What needs to be done: Each line from the one containing "3. Engaging Storylines" to the last line of the listing below is to be duplicated exactly, and no picture is to be carried over.

Data excerpt:
[Start of section]

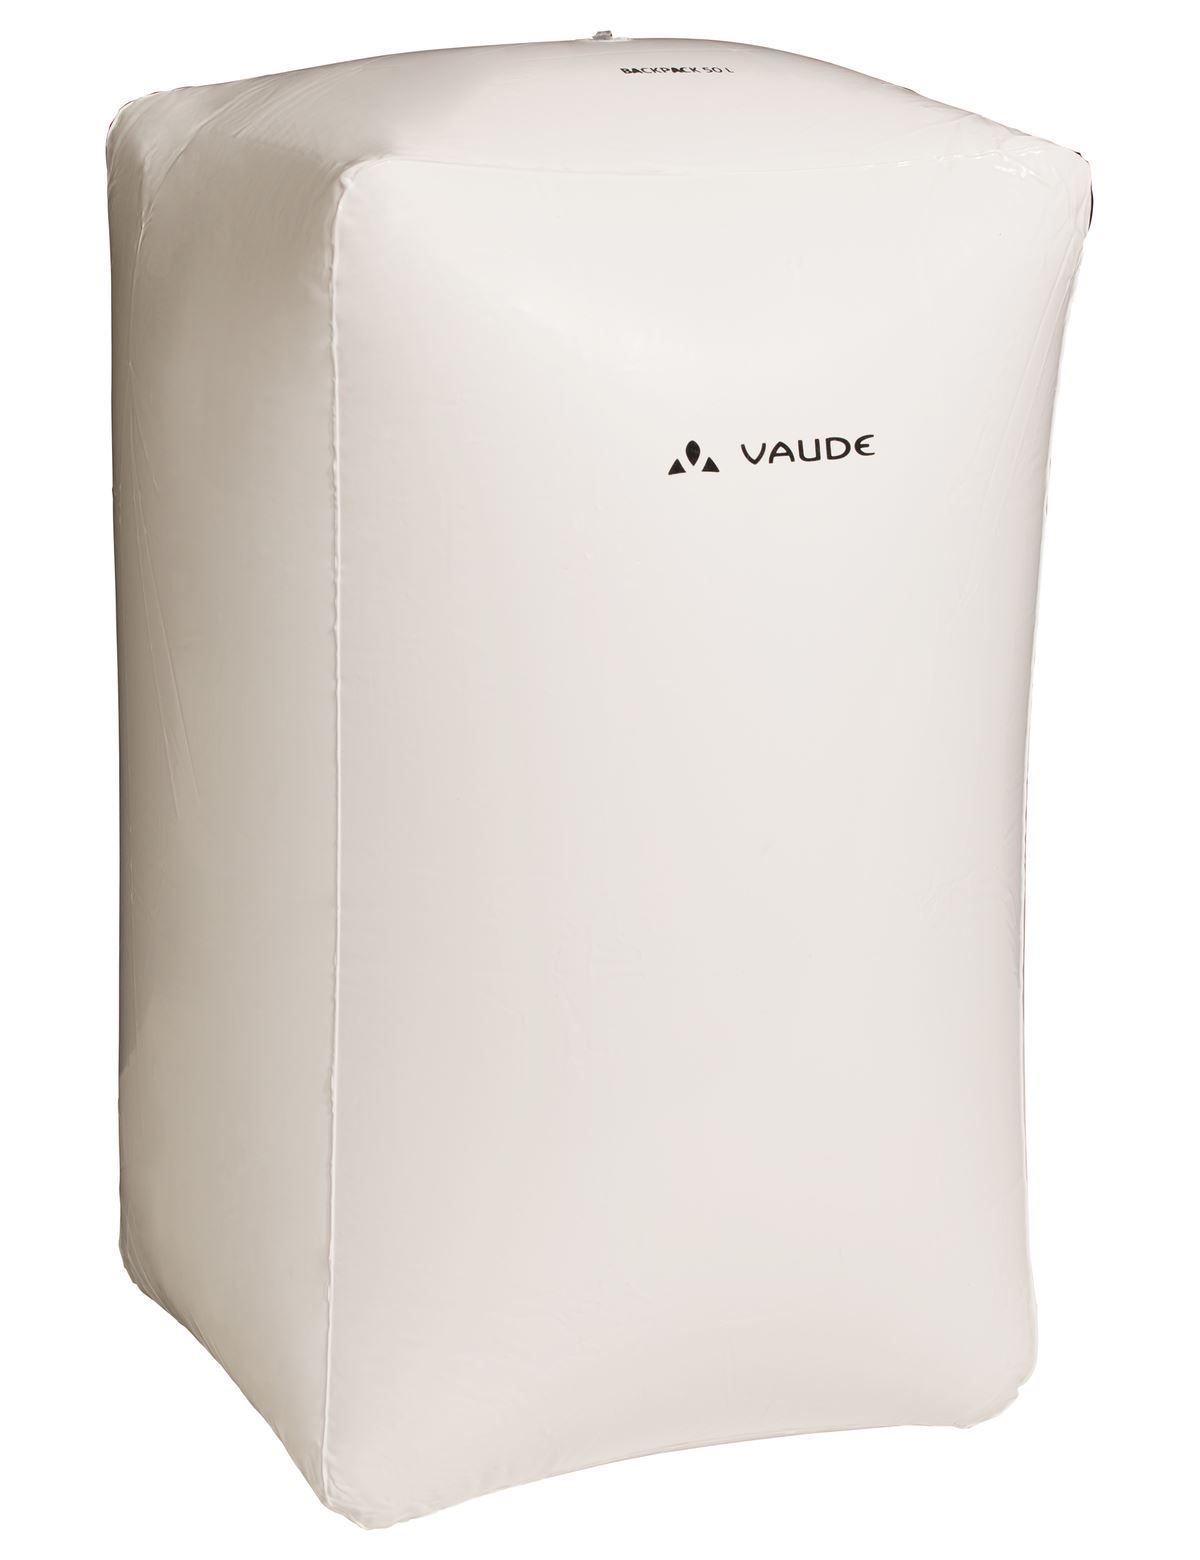 Image of VAUDE: Airbag for backpacks 50l - white - -
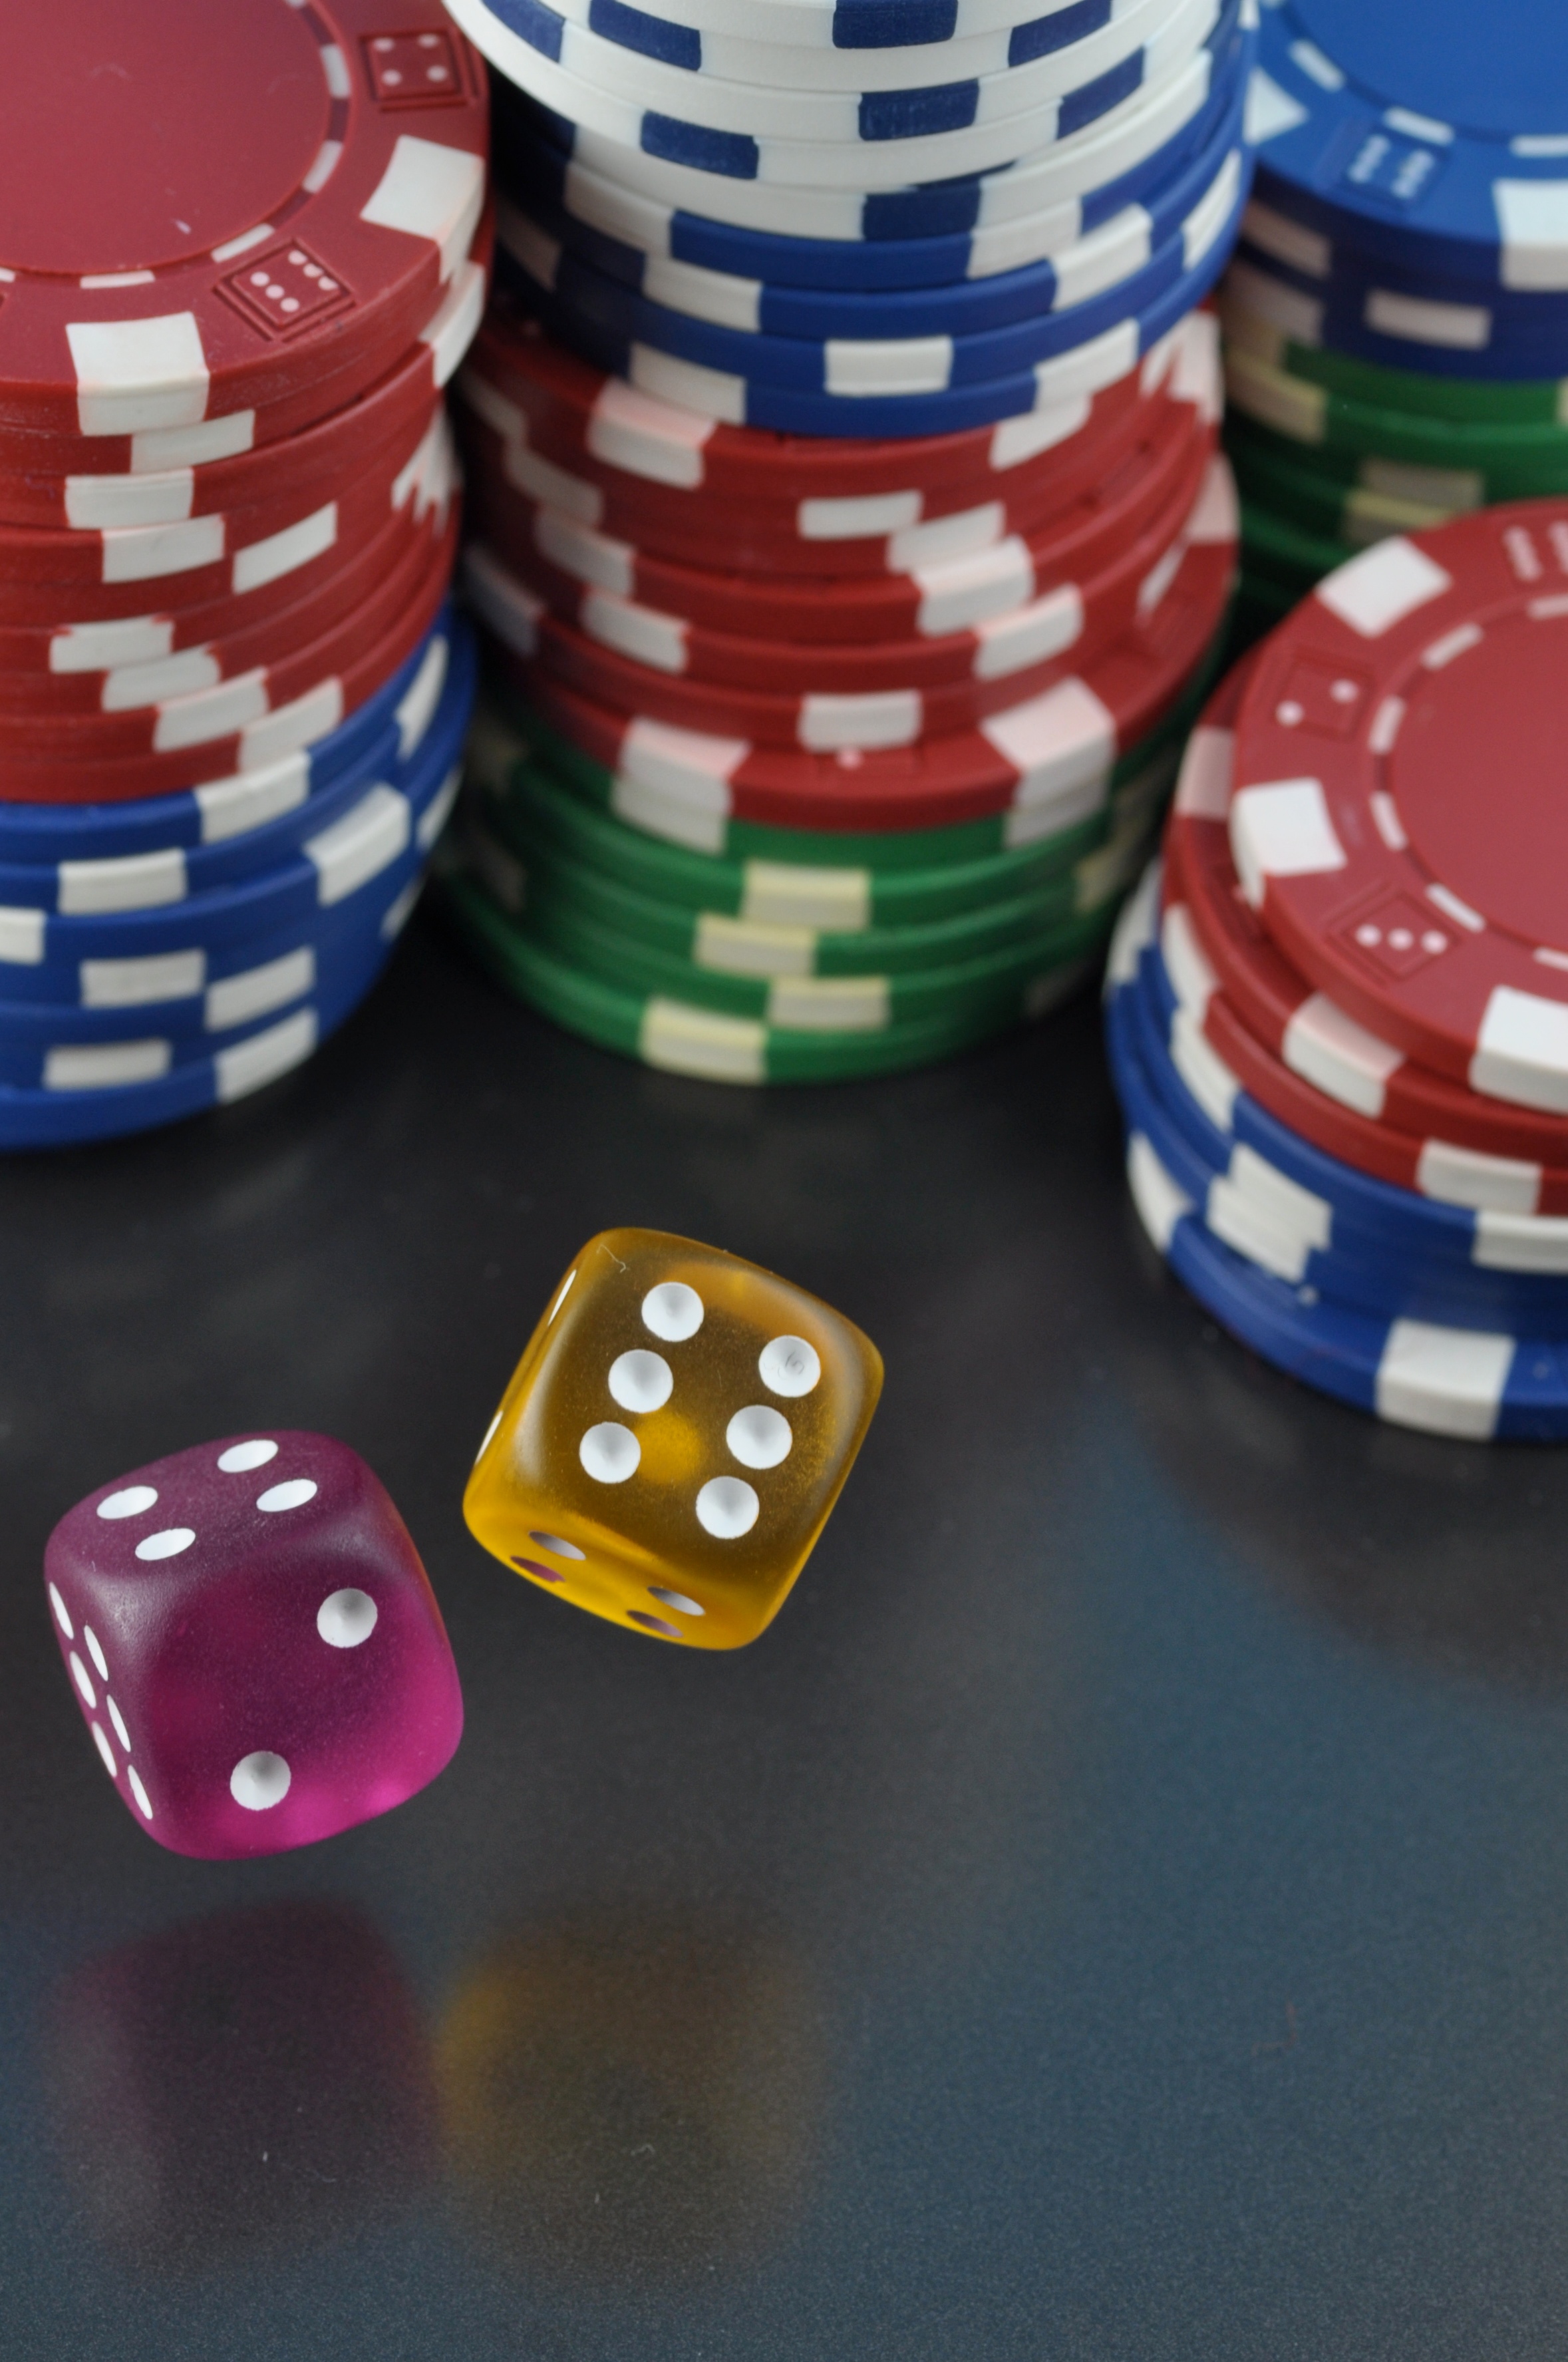 3. Engaging Storylines of Popular Gambling Movies
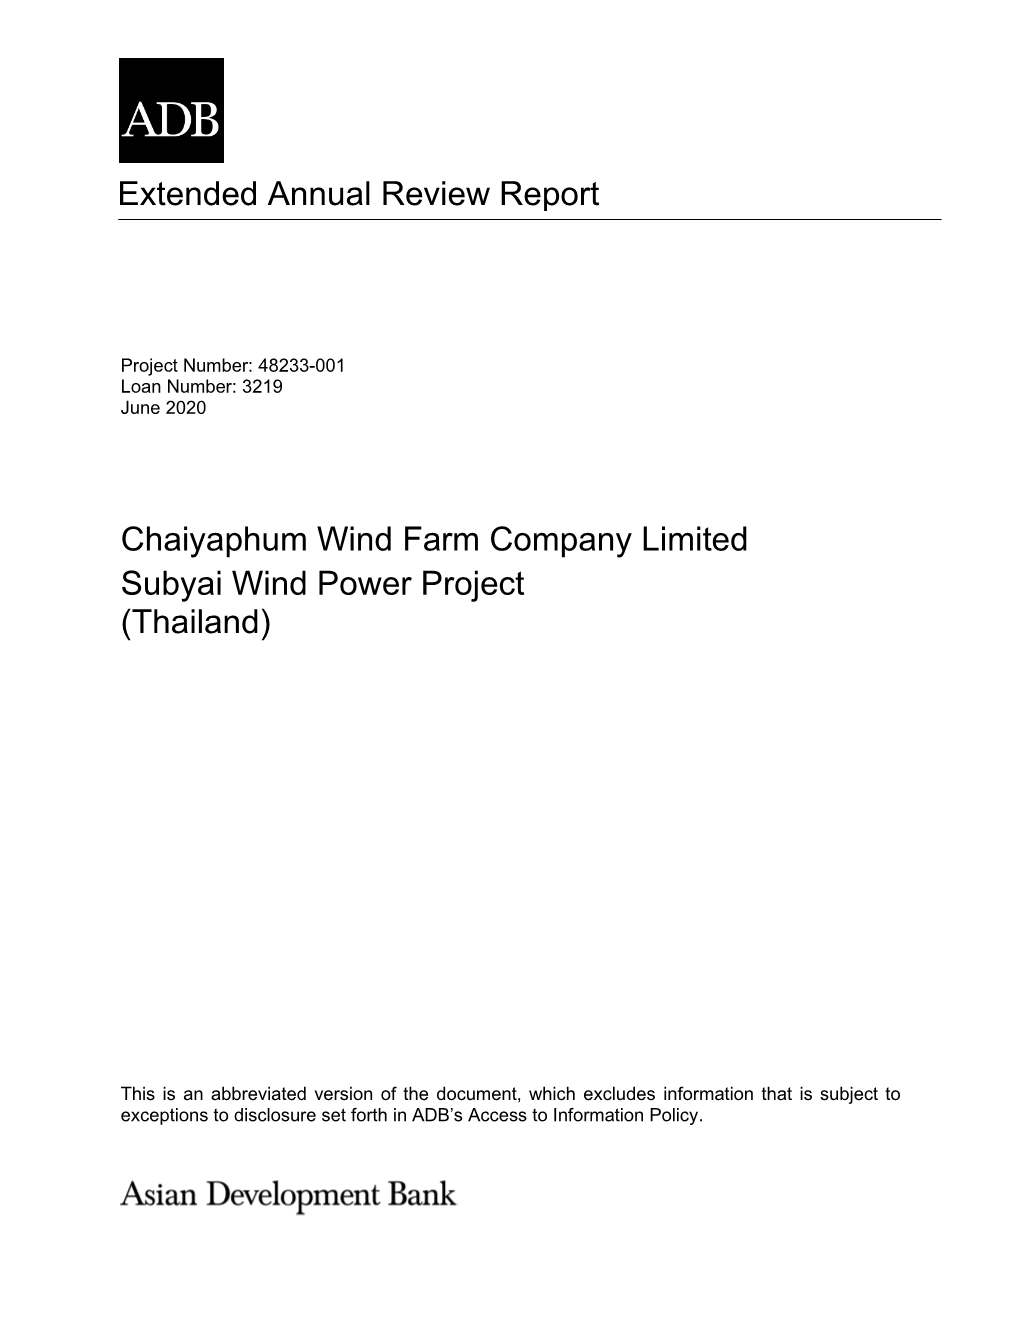 Subyai Wind Power Project (Thailand)
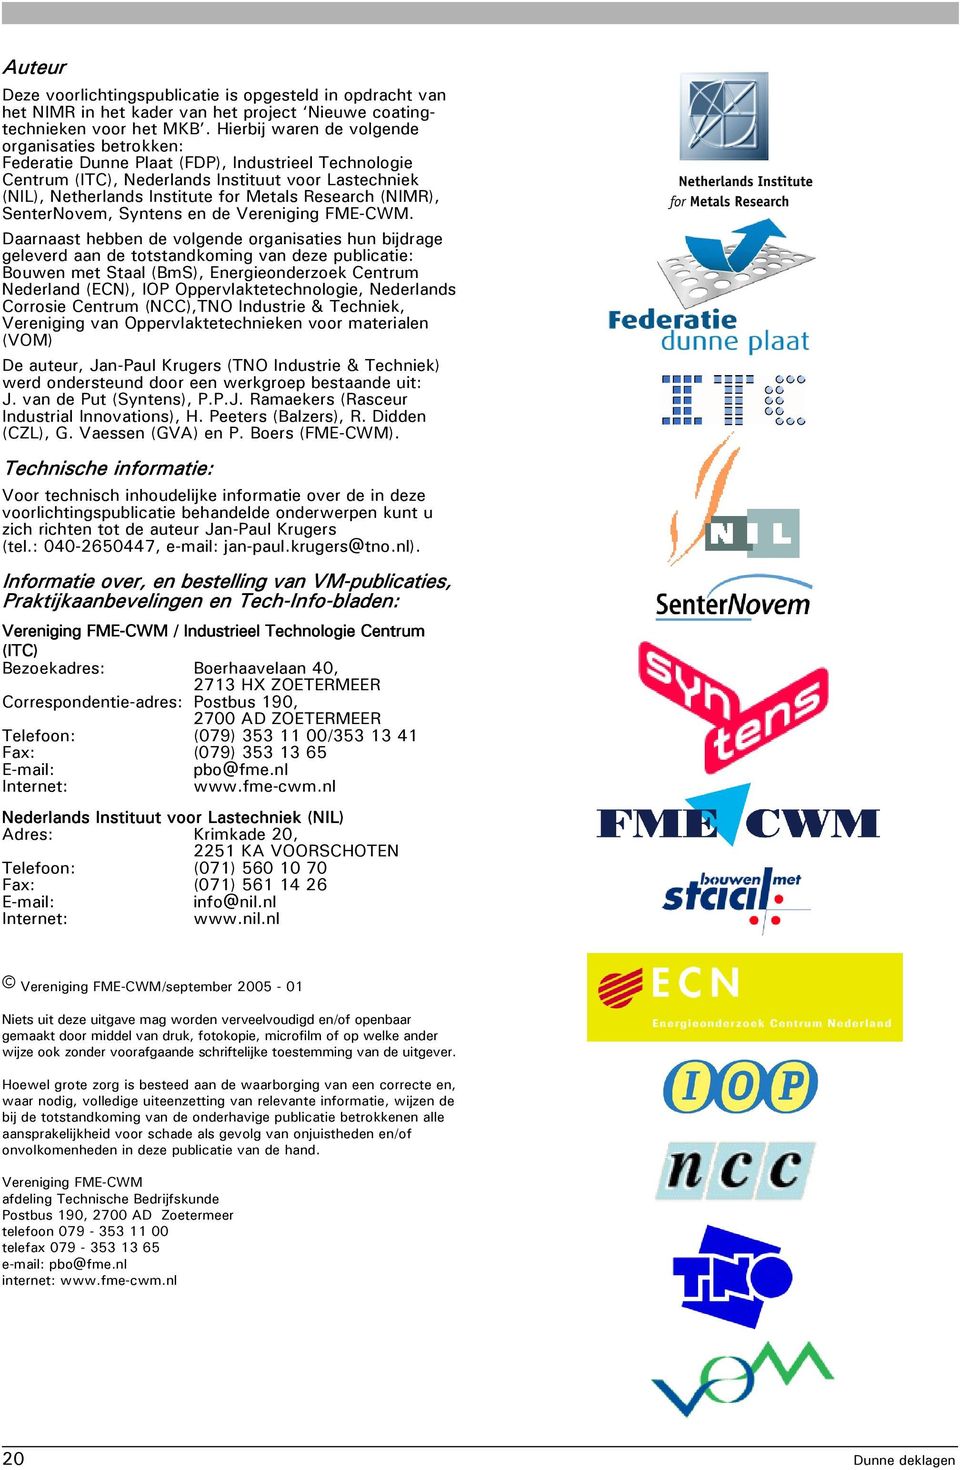 Research (NIMR), SenterNovem, Syntens en de Vereniging FME-CWM.

[End of section]

Written solution:
 3. Engaging Storylines of Popular Gambling Movies
 Subyai Wind Power Project (Thailand)
 Research (NIMR), SenterNovem, Syntens en de Vereniging FME-CWM.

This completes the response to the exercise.